Neighborhoods Can Partner in Caregiving through “Lotsa Helping Hands”

During these hottest of hot days of summer, I find myself thinking about my old neighborhood in Woodstock, Illinois. We lived on a quiet street right behind the library and a short walk from the Dairy Queen. As a child, summer days were spent with friends pondering whether to walk to the town square and act like grown-ups or ride our bikes to the pool and act like the silly kids we really were.

But what I remember most about that quiet street we lived on is that we knew our neighbors. Not only did we know each other – we actually spoke to each other, spent time together, and helped each other when tough times arose.

© Antonio Jiménez Alonso
© Antonio Jiménez Alonso

Do you still experience this luxury? Sadly, my husband and I do not. Don’t get me wrong – I love our home and the beautiful park across the street, and I feel safe here. But if, for example, one of us became ill and the other needed help with caregiving, I can’t imagine asking any of our neighbors for a hand. Maybe we just haven’t been here long enough, or maybe times have changed.

Either way, I think it speaks to a societal shift toward the need to make community efforts more formal in order to increase participation. In other words, while it would be awkward to walk next door and ask a neighbor to sit with your ill relative for a few hours so you could go to the store, having that neighbor sign up to do so through an online program organized by the neighborhood seems perfectly natural these days.

That’s why Lotsa Helping Hands gets props for introducing an open community model to its well-established online caregiving site. If you haven’t heard of Lotsa Helping Hands, let me back up.

Up until recently, Lotsa Helping Hands only allowed families to create private online communities to help them organize caregiving responsibilities. For instance, if Dad is sick, Mom can create a private community and only invite her close family and friends to be a part of it -- others cannot find it. The family can volunteer online to take on various caregiving responsibilities, provide updates, and coordinate tasks so that overlap is minimal and help is maximized. The tool is free and I’ve personally heard rave reviews about it from several families.

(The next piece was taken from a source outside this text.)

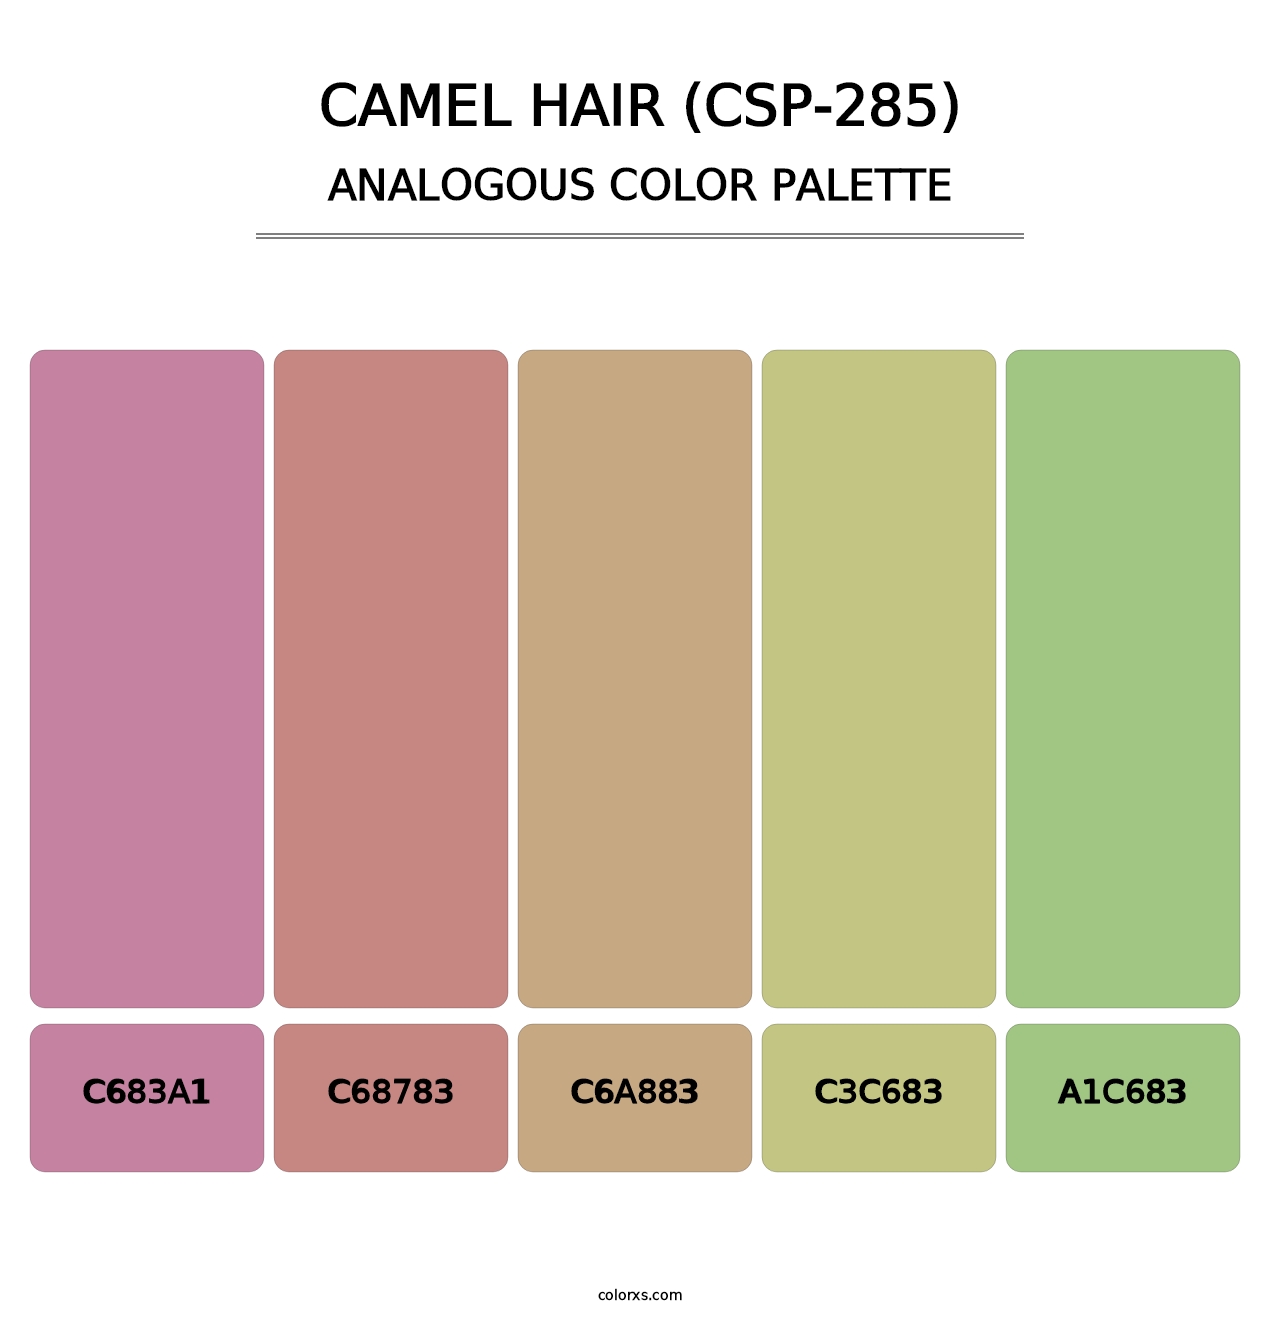 Camel Hair (CSP-285) - Analogous Color Palette
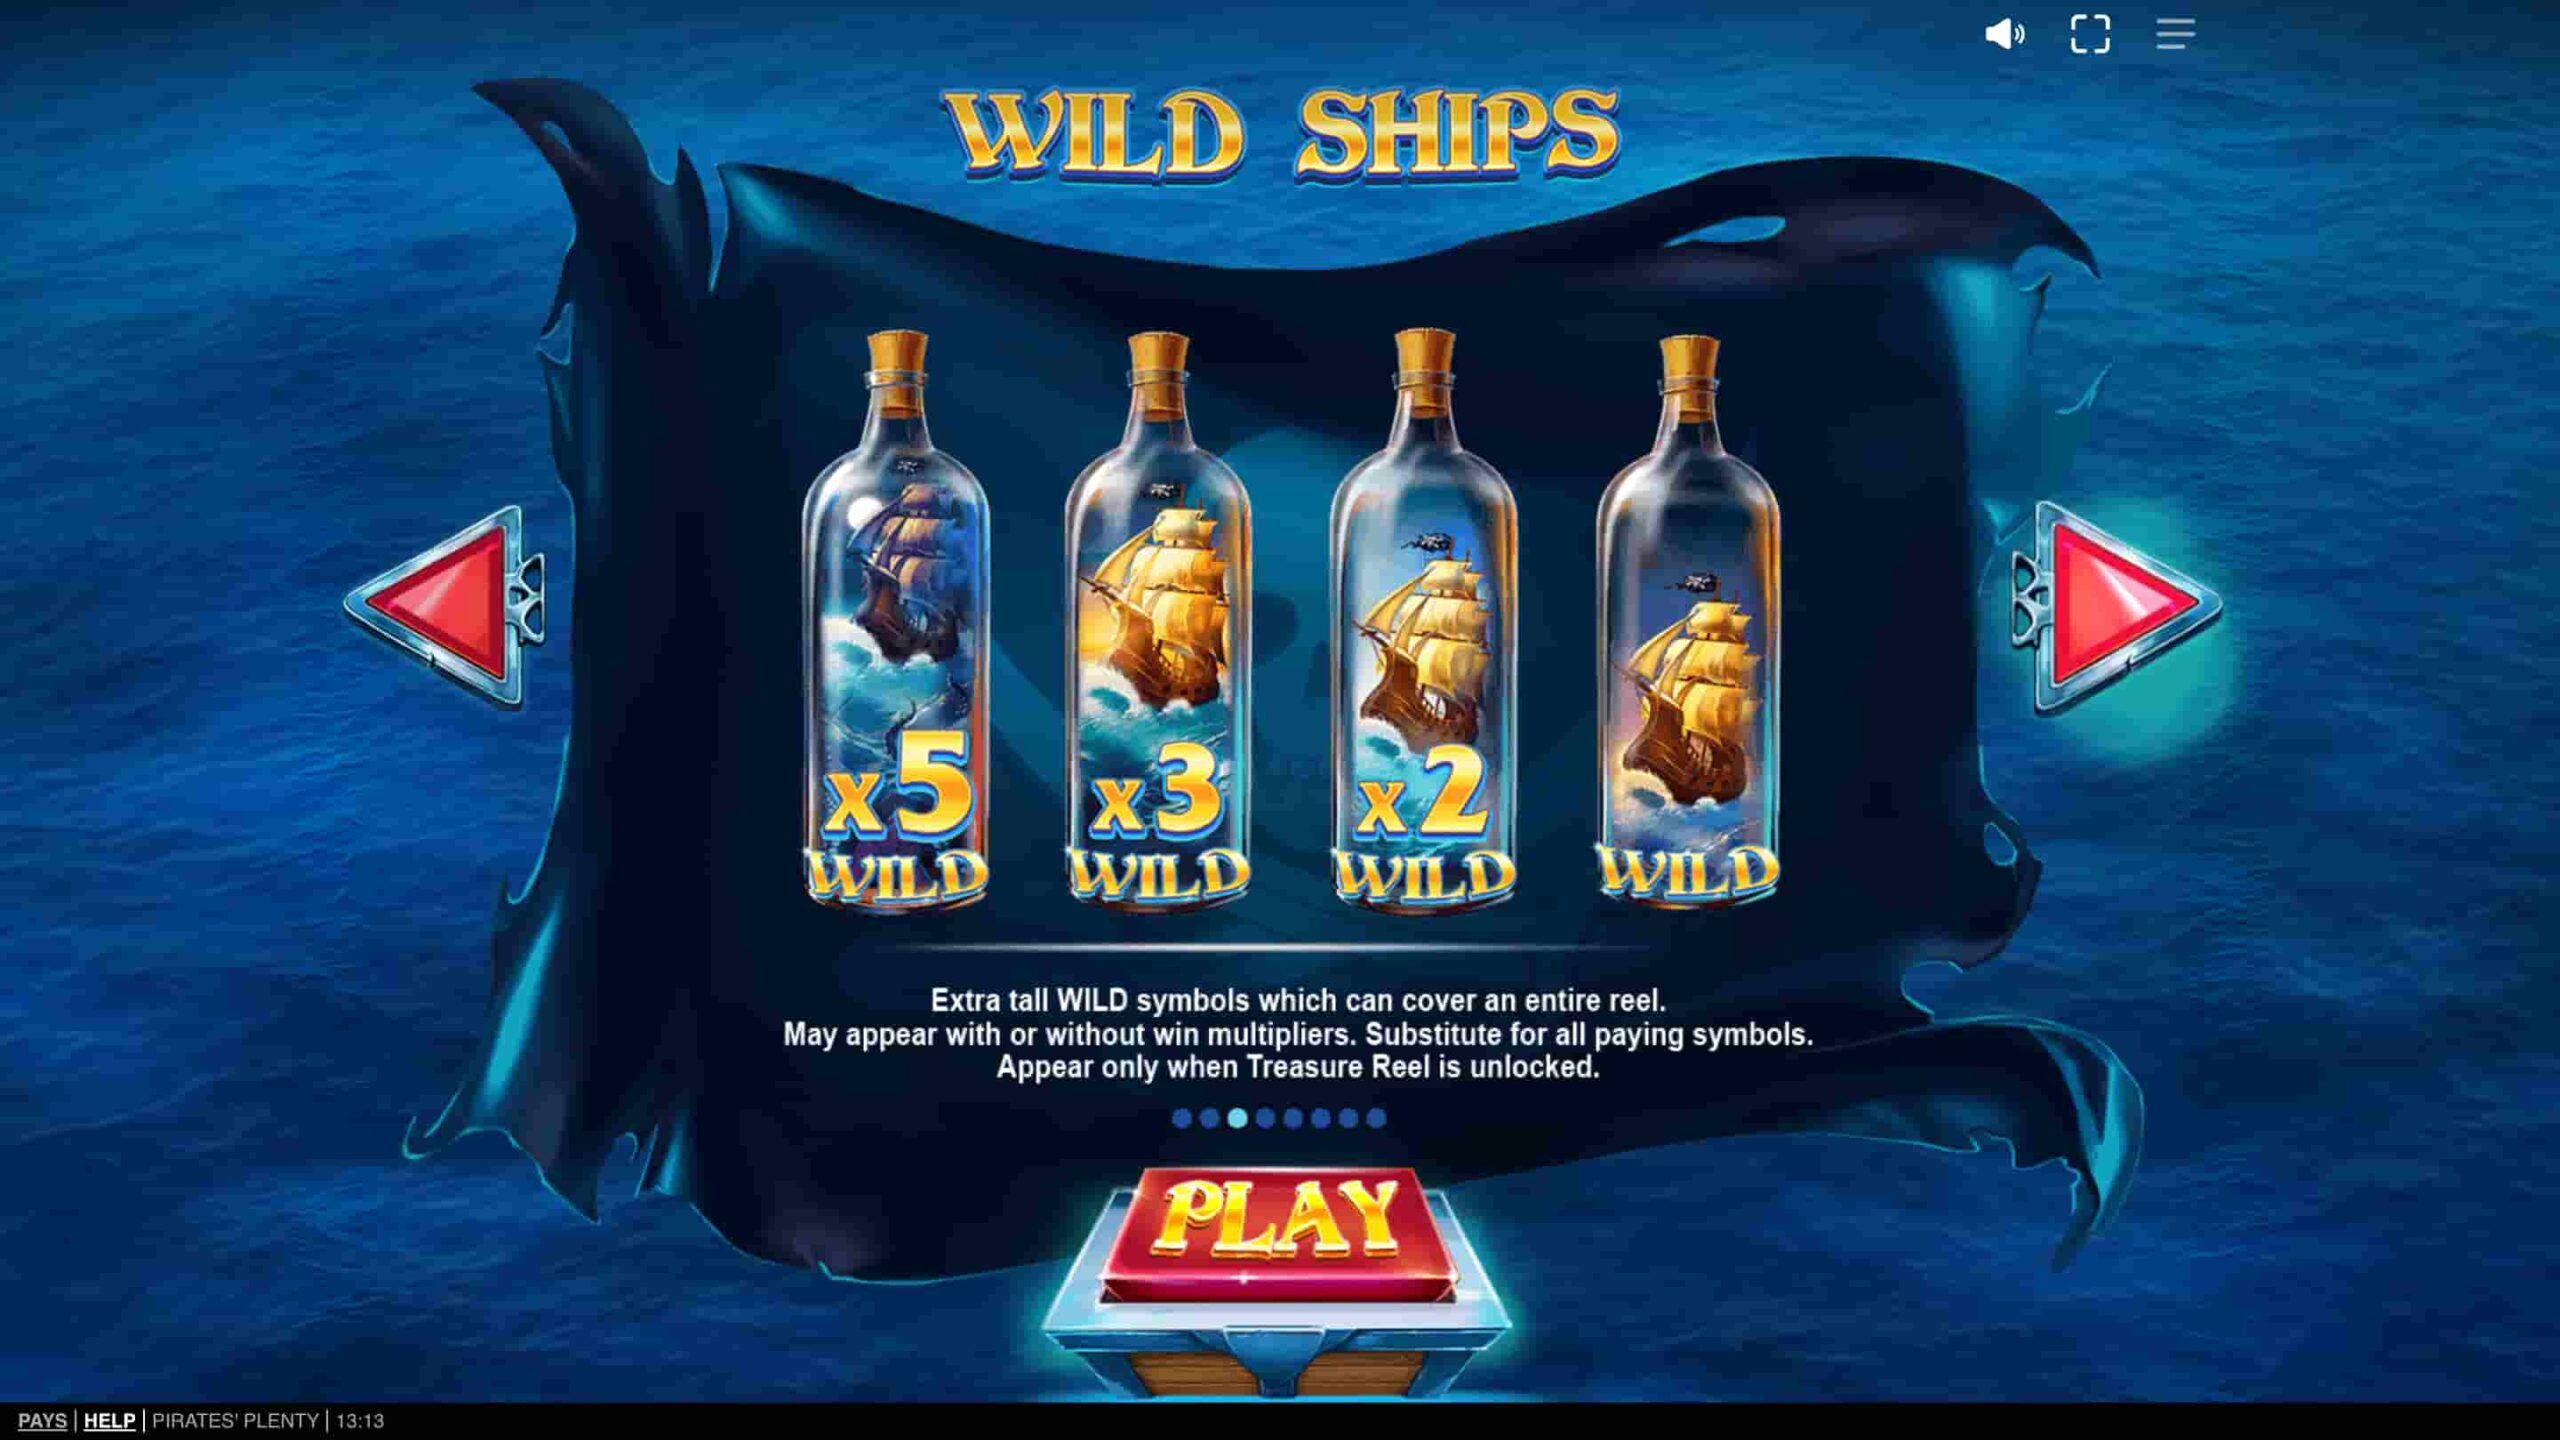 Pirates Plenty slot screenshot 5

The private communities are still available, but now Lotsa Helping Hands has added the option of creating open communities. In this new model, several families in a neighborhood can be helped at once by drawing upon the resources of neighbors.

For example, Mrs. Smith is ill and Mr. Smith needs help caring for her, but he doesn’t have a close network of family and friends to support him. In the open community model, others in the neighborhood who want to volunteer can search for families near them and sign up to help, even if they don’t know them (yet).

You might be skeptical as to whether people would really do this (I’m not accusing you of being down on the human race when the truth is that we often don’t see enough examples of this in our daily life). Fortunately, Lotsa Helping Hands reports that the open community model has already taken off. Neighborhoods, schools, churches, and other groups are creating open communities as a way of leveraging their resources to help those in need.

The idea is cool, innovative, and necessary. We live in a society with risks of isolation and separateness all around us. Just as it’s all too common for co-workers to send emails to each other instead of walk down the hall to speak face-to-face, it’s become unnatural to reach out to our neighbors just because it feels good. With a structured online tool in place, perhaps neighborhoods can actually get to know each other again, like mine did in little old Woodstock.

If you try Lotsa Helping Hands, let me know how it goes.